Task Mining key structuring concepts

Concept

Description

Example

Further information

Raw Events

Unprocessed data points captured directly from user interactions or system activities These are granular, foundational records that provide the most direct information about what occurred.

A click on a login button

Copy/Paste

Window screen/session locked.

Raw events Task Mining can capture

Labels

Attributes assigned to raw events to:

  • Aid organization.

  • Add context.

  • Simplify analysis.

Adding a label to an application or screen or labeling an event like screen ‘Login’.

Labels

Business Events

User-defined events that identify single user events and add business relevance to raw data, often linking to one or multiple related objects the event relates to.

Submit opportunity with an ID 413, where the raw event of clicking Submit on an opportunity is elevated to a significant business activity.

Tasks

Sequences of raw events that form a coherent unit of work and typically represent a user completing a set of actions towards a specific goal.

A task typically represents an instance of work that takes a couple of seconds to a couple of minutes to perform.

Creating an invoice, including steps like entering customer details, adding item lines, and submitting the invoice.

Tasks

Data processing types

Note

You access these processing types from the Run button on the Task Mining UI.

Data processing type

Description

Process new data (delta)

Processes new incoming data only. Ideal for keeping your dataset updated with the latest information while keeping the data processing duration low so your data is updated as fast as possible.

Reprocess existing data (full)

Limited availability

This functionality is currently in limited availability. If you’re interested in trying it out, get in touch with us at Celopeers.
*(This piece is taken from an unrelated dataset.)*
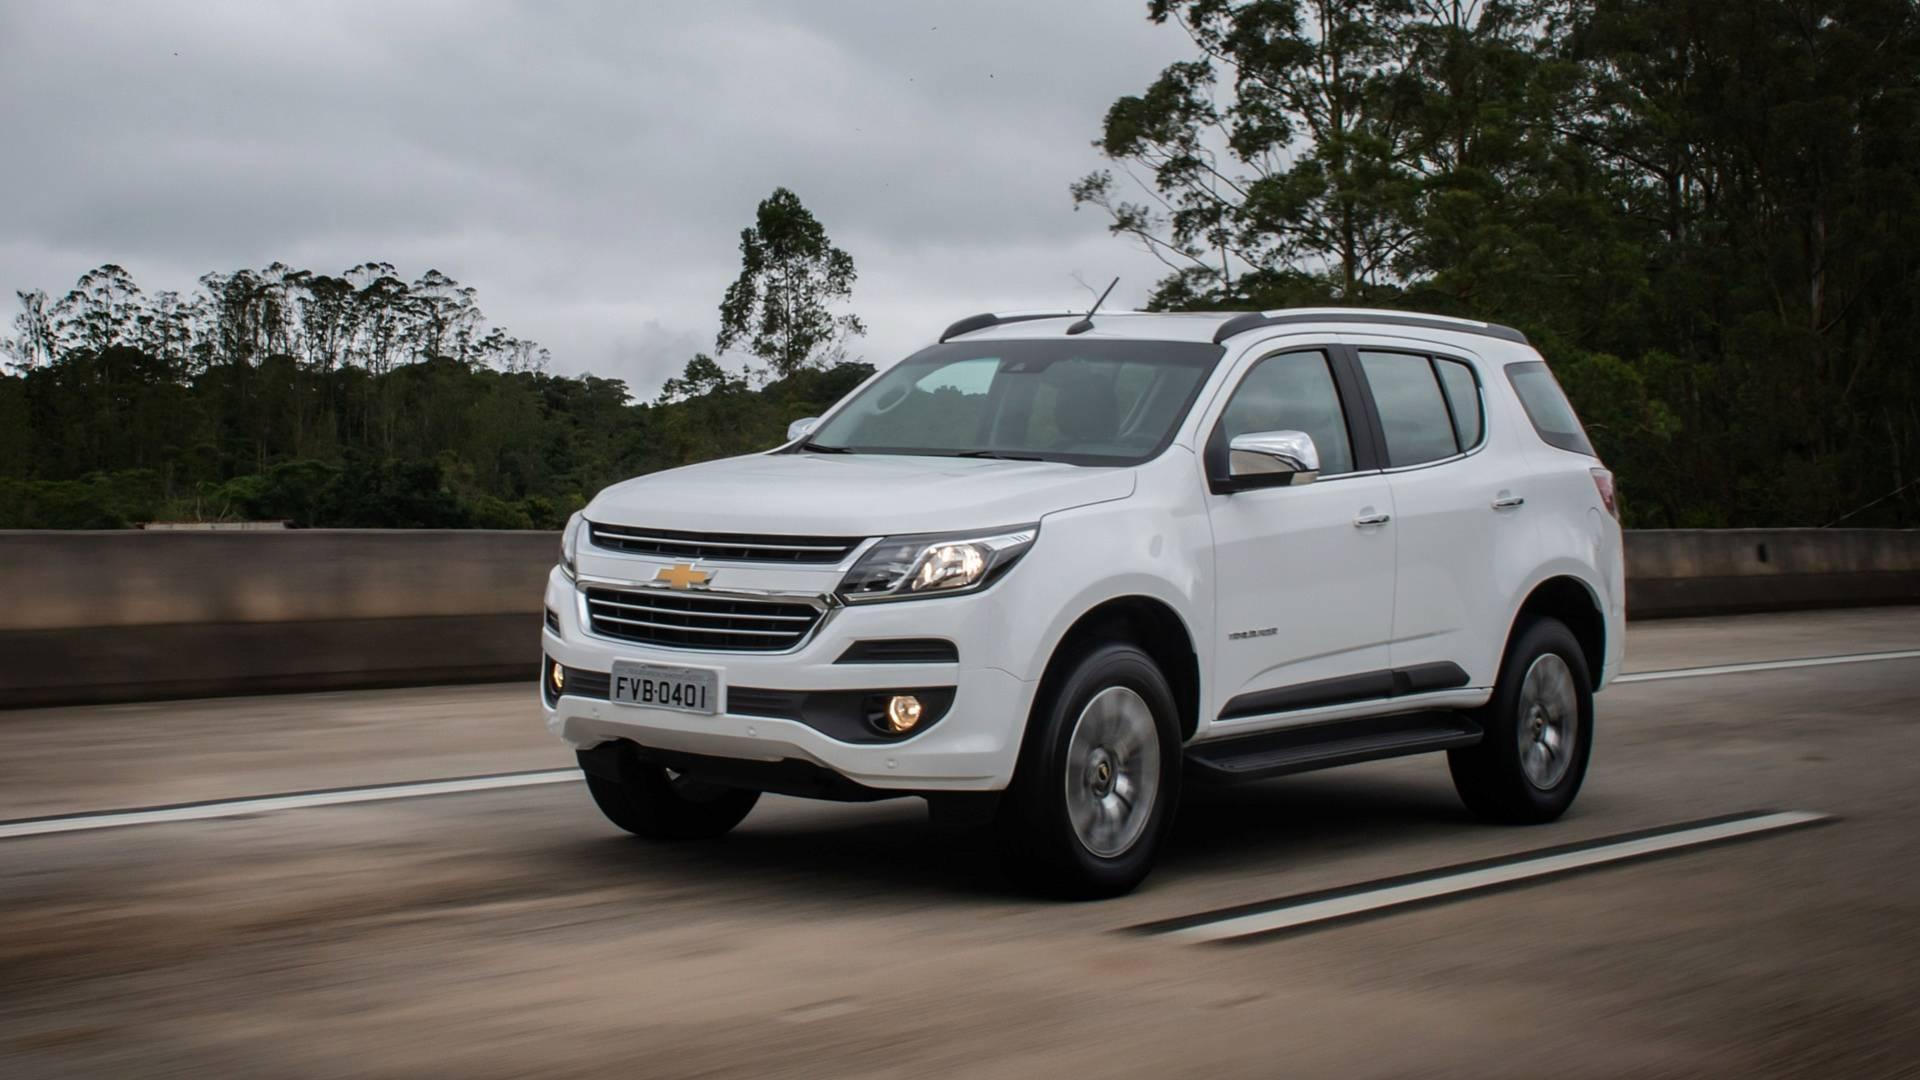 Chevrolet Trailblazer 2019. Foto: Divulgação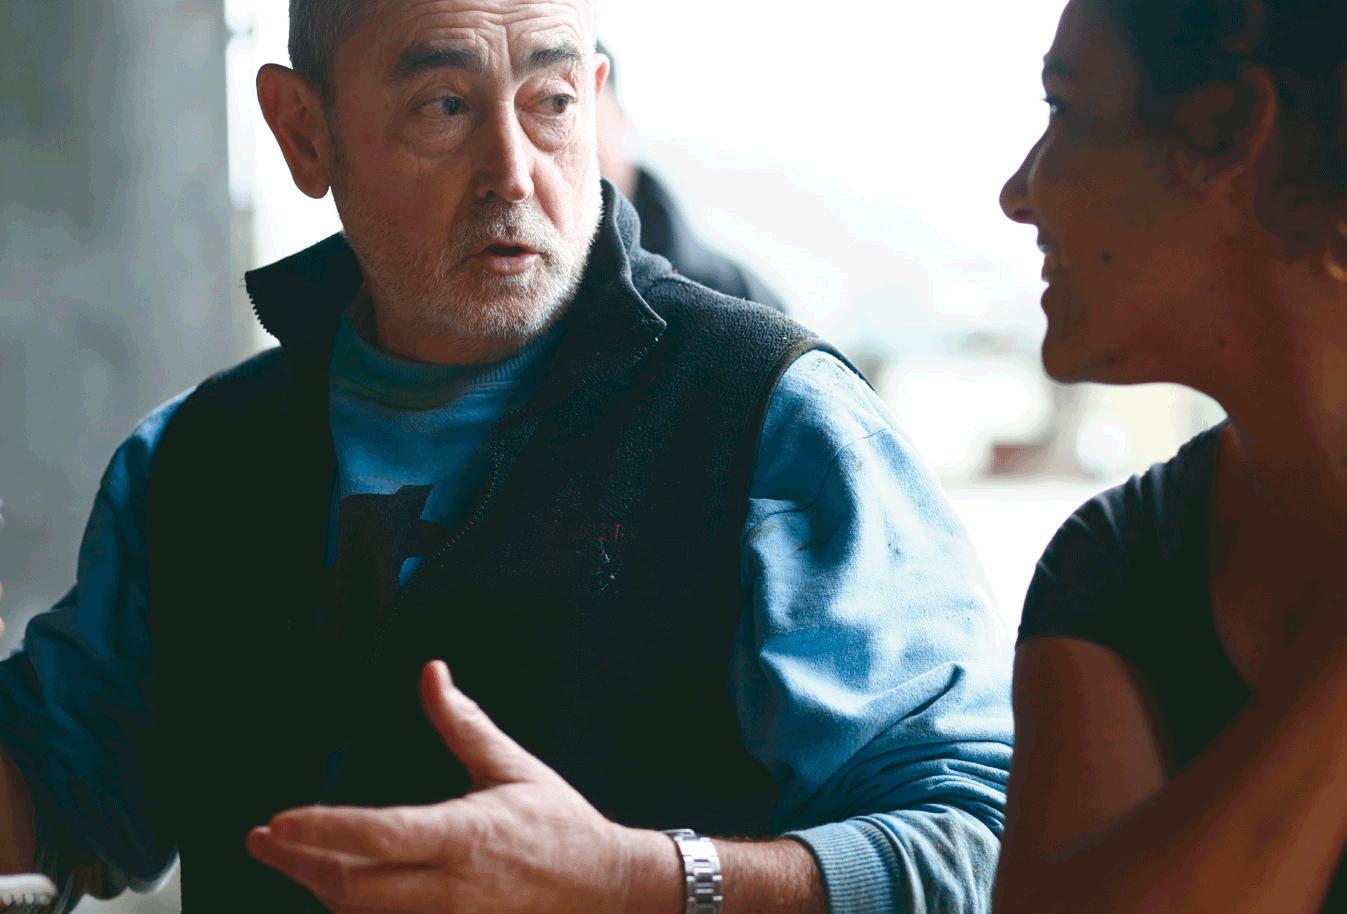 Iñaki, recientemente jubilado, ha trabajado 45 años como carnicero y ganadero

Reprocesses all existing data to apply new or updated rules, labels, business events, or tasks. Consistently applying changes across the entire data set ensures your analysis is consistent.

Processing new data (delta)

  1. Client sends new data into the user_interaction_event_log table.

  2. New data from user_interaction_event_log is processed:

    1. Applies predefined ‘out of the box’ and user-defined labels to raw events; the enriched event is available in table TM_Labled_Data

    2. Applies tasks, where the tables Tasks, Task_instances, and Tasks_Join contain the discovered tasks, with:

      1. Tasks containing the list of task names defined by the user.

      2. Task_instances linked to Tasks an containing zero or more found task instances.

      3. Tasks_Join being a n:n join table between a task instance and tm_labeled_data events.

      Note

      Data is processed in batches of up to 10 million rows for efficiency.

  3. Data model automatically reloads to reflect the newly-processed data.

Re-processing existing data (full)

Limited availability

This functionality is currently in limited availability. If you’re interested in trying it out, get in touch with us at Celopeers.

  1. Initiation: User triggers reprocessing through the UI.

  2. Preparation:

    1. Creates temporary tables in the background which don’t contribute to APC consumption; these are basically a copy of existing tables.

    2. Copies all existing data from user_interaction_event_log and user_interaction_event_log_history into the newly-created temporary reprocessing tables.

  3. Processing: Performs steps 2 and 3 of processing new data (delta) on batches of up to 10 million rows and repeats until all raw event rows have been processed.

  4. Finalization: If successful: Temporary reprocessing tables are renamed to replace the original tables. The original tables are then replaced by the temporay tables which now contain the re-processed results. A reload of the data model is triggered to ensure the latest data is available for analysis. The new data is kept in the user_interaction_event_log table until the next scheduled processing.

  5. Failure path: If reprocessing fails, all temporary tables created are dropped to clean up. The system sets the reprocessing job execution status to Failed and this is displayed in the Run & Schedule UI.